Вечером гуляли в степи, Шелестов прихватил восьмилетнего сына — хотелось похвастаться перед Муразовой всеми своими достижениями. Правду сказать, он мало внимания уделял семье, все уходило в «Пороги», но и как же иначе? Не учит ли нас все кругом, включая родную партию, что надо делать свое дело, а на прочее не отвлекаться? Отвлекается ли, например, закат и вообще природа? Думали бы они о человеке — разве у них получалось бы так хорошо? Но сына он захватил, держал за худую ручку, чувствуя смутную неловкость: и сын робел, и самому как будто не о чем было говорить с ним. С Муразовой вот было о чем — хотелось услышать от нее, как обнаглели завистники и как он всех победит; но сын, видно, тоже что-то свое думал и на обратной дороге, когда густо-лиловые тонкие облака на горизонте стали почти черными, спросил вдруг:
— Папа… Почему дураки в Бога верят?
— Ну, не одни ж дураки, — смущенно сказал Шелестов, поглядывая на Муразову с гордостью, а вместе и виновато: он не знал, верит ли она в Бога, точней, верила ли в него Баланова. Муразова-то, конечно, совсем иное дело. Но она взглянула на него с усмешкой и вызовом — то ли ему почудилось в темноте: как-то выкрутишься?
— Ведь нет же ничего, — сказал мальчик уверенно. То ли из школы принес, то ли сам додумался. Если сам, подумал вдруг Шелестов, то плохо.
— Ну как бы это, — начал он, выигрывая время. — Человек же себе объяснить должен как-то. Откуда гром, молния, — это получилось у него очень уж глупо, школьно, и он оборвал себя. — Ты вообще подумай: вот книга есть. Написал же кто-то? И вот это все есть, — он обвел рукой темнеющее грозное великолепие с болезненно-алой полосой последнего закатного света. — Ну и думает человек: взялось же откуда-то?

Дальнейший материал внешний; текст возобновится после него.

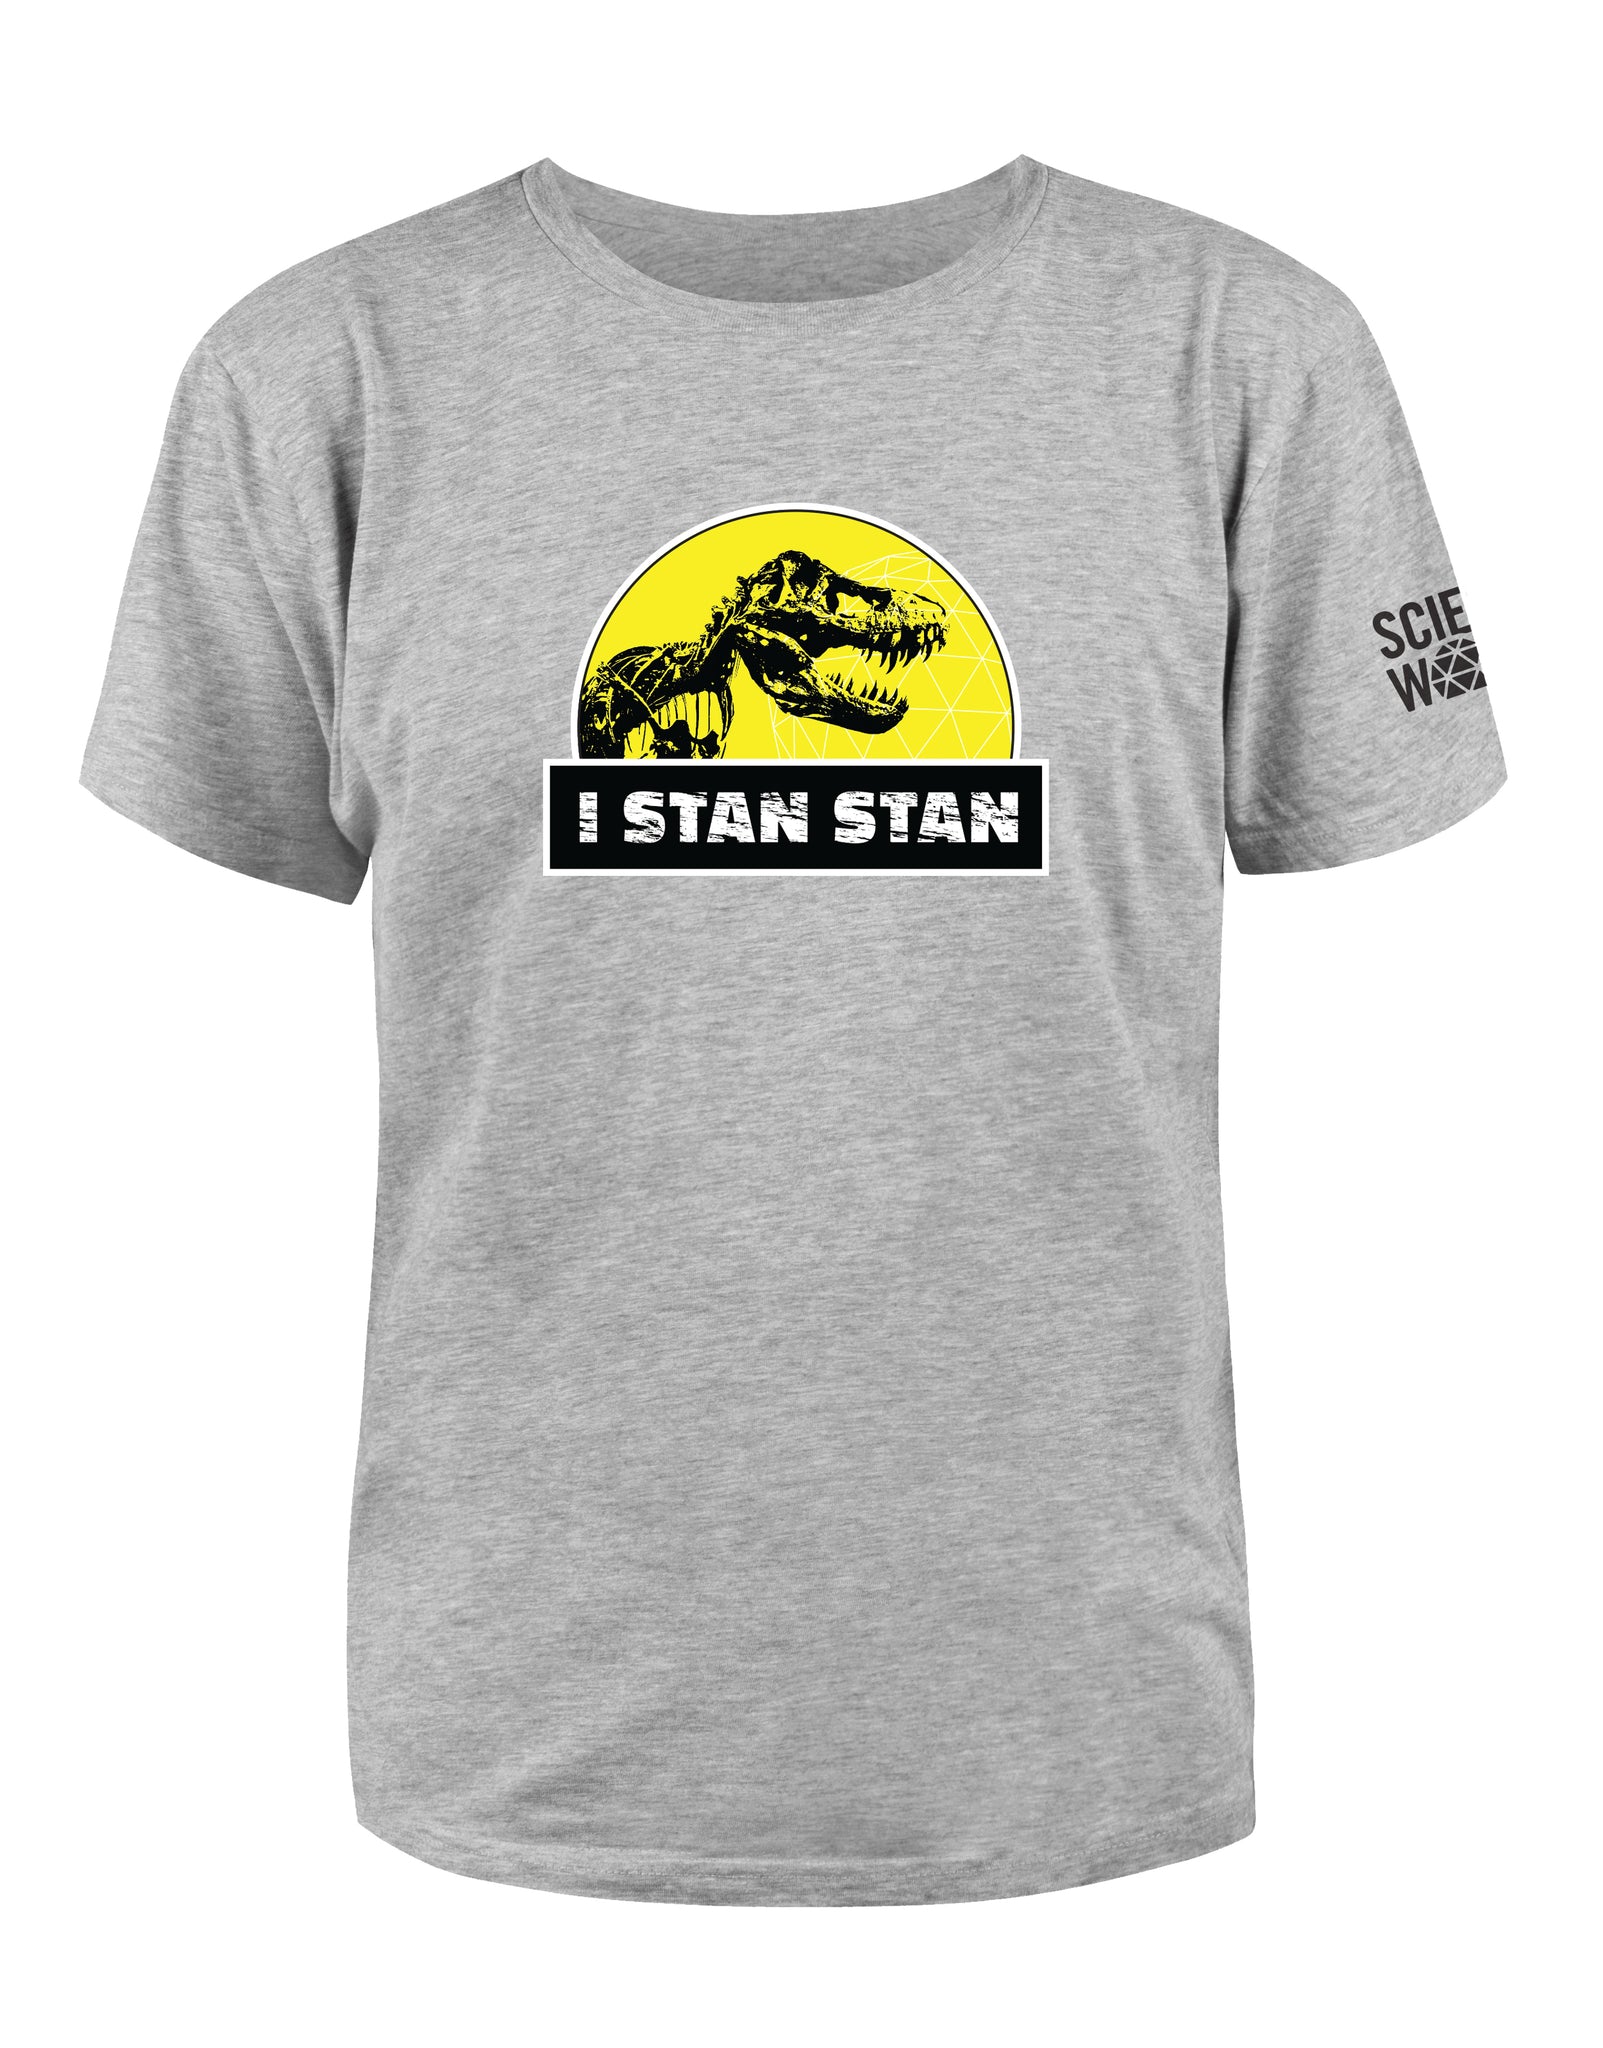 "I STAN STAN" ADULT T REX SHIRT

И он ощутил обиду за Бога, скорее авторскую, чем церковную. Старался, столько натворил — а тут ходит восьмилетний оболтус, от горшка не видно, говорит, что нету. Так же вот и ему говорили, что он ничего не писал, и он убить был готов. Да, использовал материал, и что? Не исключено, что и тут имело место использование материалов, но они носились в пустоте в виде первоэлементов, а стала стройная система, степь, закат, сам Шелестов с его безупречным внутренним устройством, пишущий всякую секунду, даже когда в руке у него не ручка типа вставка, а ручка сына. Потом приходят дураки и говорят: вышло само. Само выходит знаешь что?
— Но как же он тогда терпит? — спросила вдруг Муразова. — Я верила когда-то. Но потом поняла, что не могу. Не моим умом. Сказано же: могущий вместить — пусть вместит. Я не вмещаю. Непонятно, как можно все это видеть и терпеть. И вот хотя бы фашизм сейчас — он как это терпит?

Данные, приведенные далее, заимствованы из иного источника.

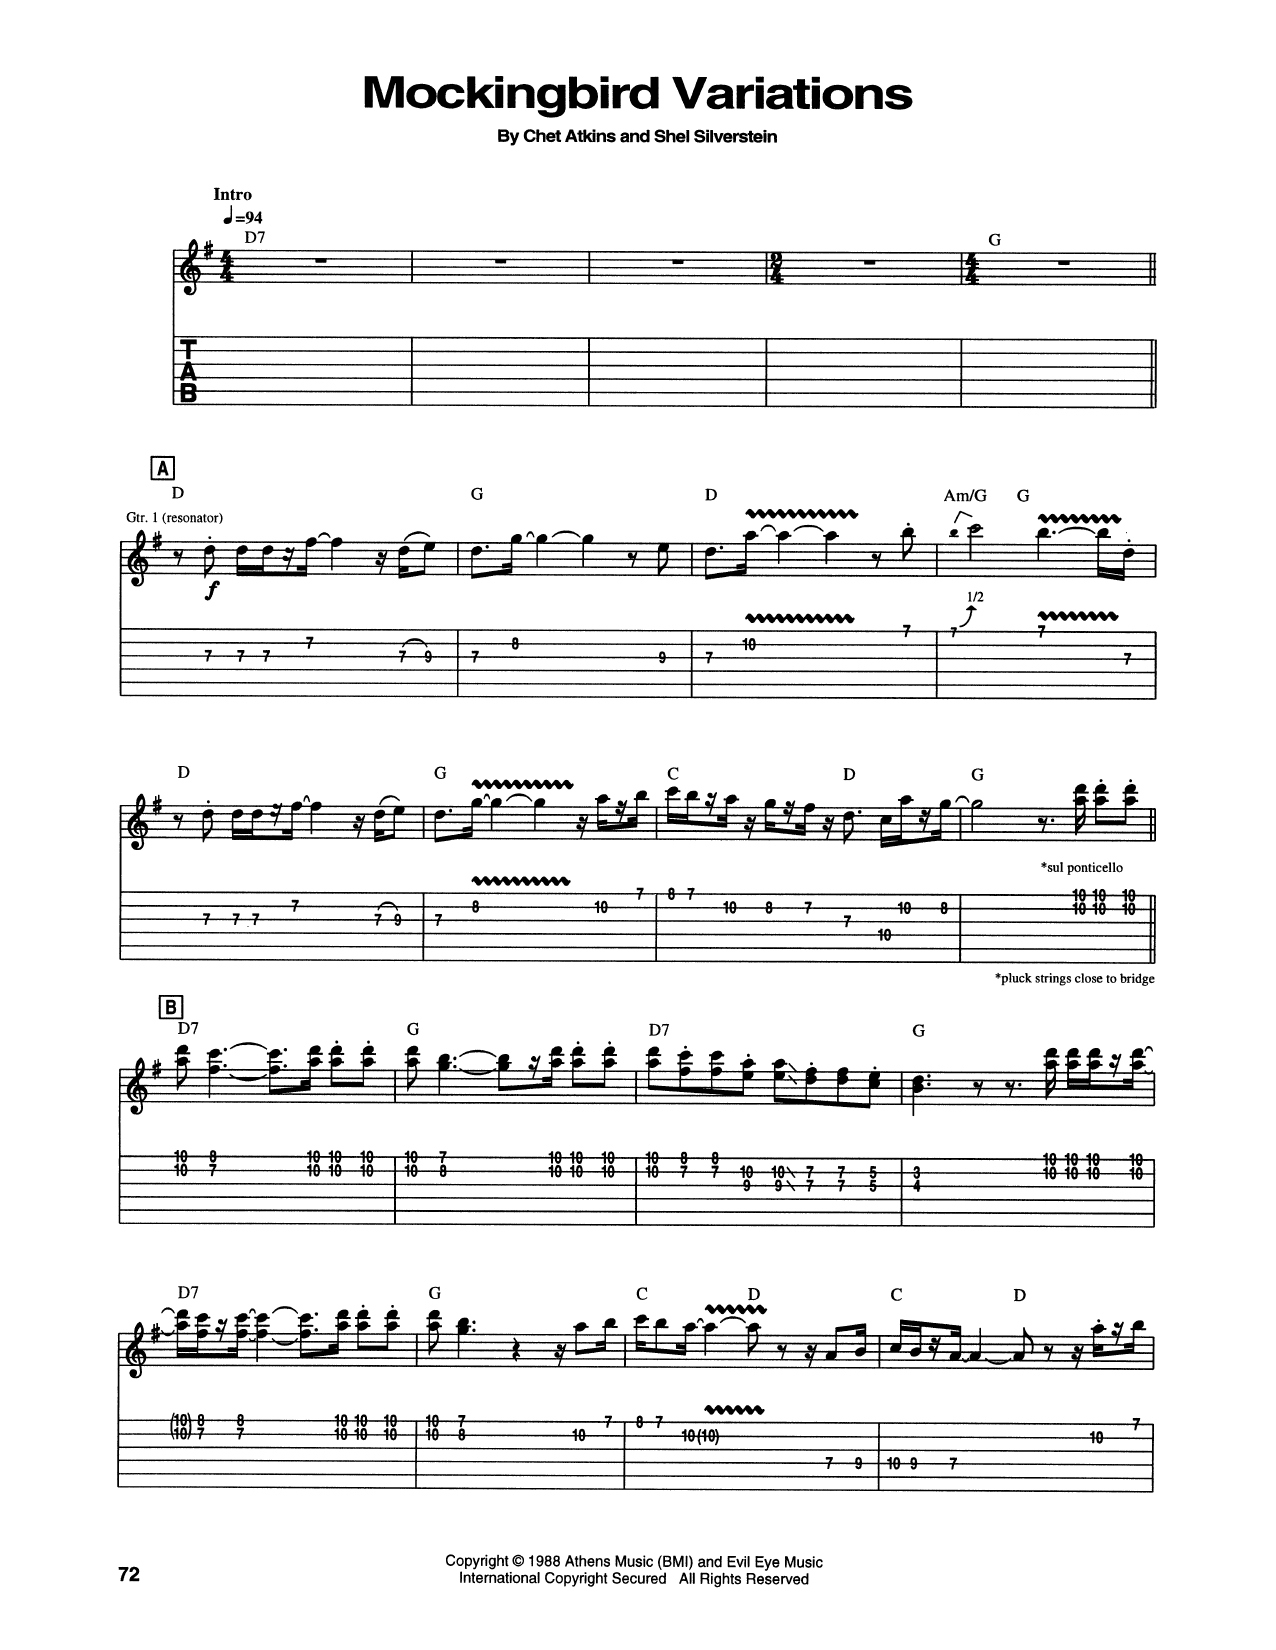 Chet Atkins Mockingbird Variations Sheet Music Notes & Chords for Guitar Tab - Download or Print PDF

Не надо бы ей при Гришке, подумал Шелестов, ведь в школе разнесет — и пойдут разговоры: поповщина… Он мог, по обыкновению, отмолчаться, но чувствовал, что для Муразовой все это не пустой разговор, что сама она стоит перед трудным решением, о котором он ничего знать не может; и вечная осторожность изменила ему.
— Был у меня разговор с одним попом, — сказал Шелестов медленно, словно продолжая отмерять — насколько можно проговориться. — С нашим попом, да, то есть фактически обновленцем. Помните, были? И вот я тоже ему говорю: ну хорошо, а как он терпит-то? И поп этот мне сказал: ведь он не терпит. На себя-то посмотри. Тебе ведь все дадено, так что же ты спрашиваешь. Себя спрашивай, а не его.
— Но это чистый гностицизм, — сказала Муразова разочарованно, словно ей подсунули давнее и обманувшее снадобье. — Если он не всемогущ, если зло сотворено отдельно и до него…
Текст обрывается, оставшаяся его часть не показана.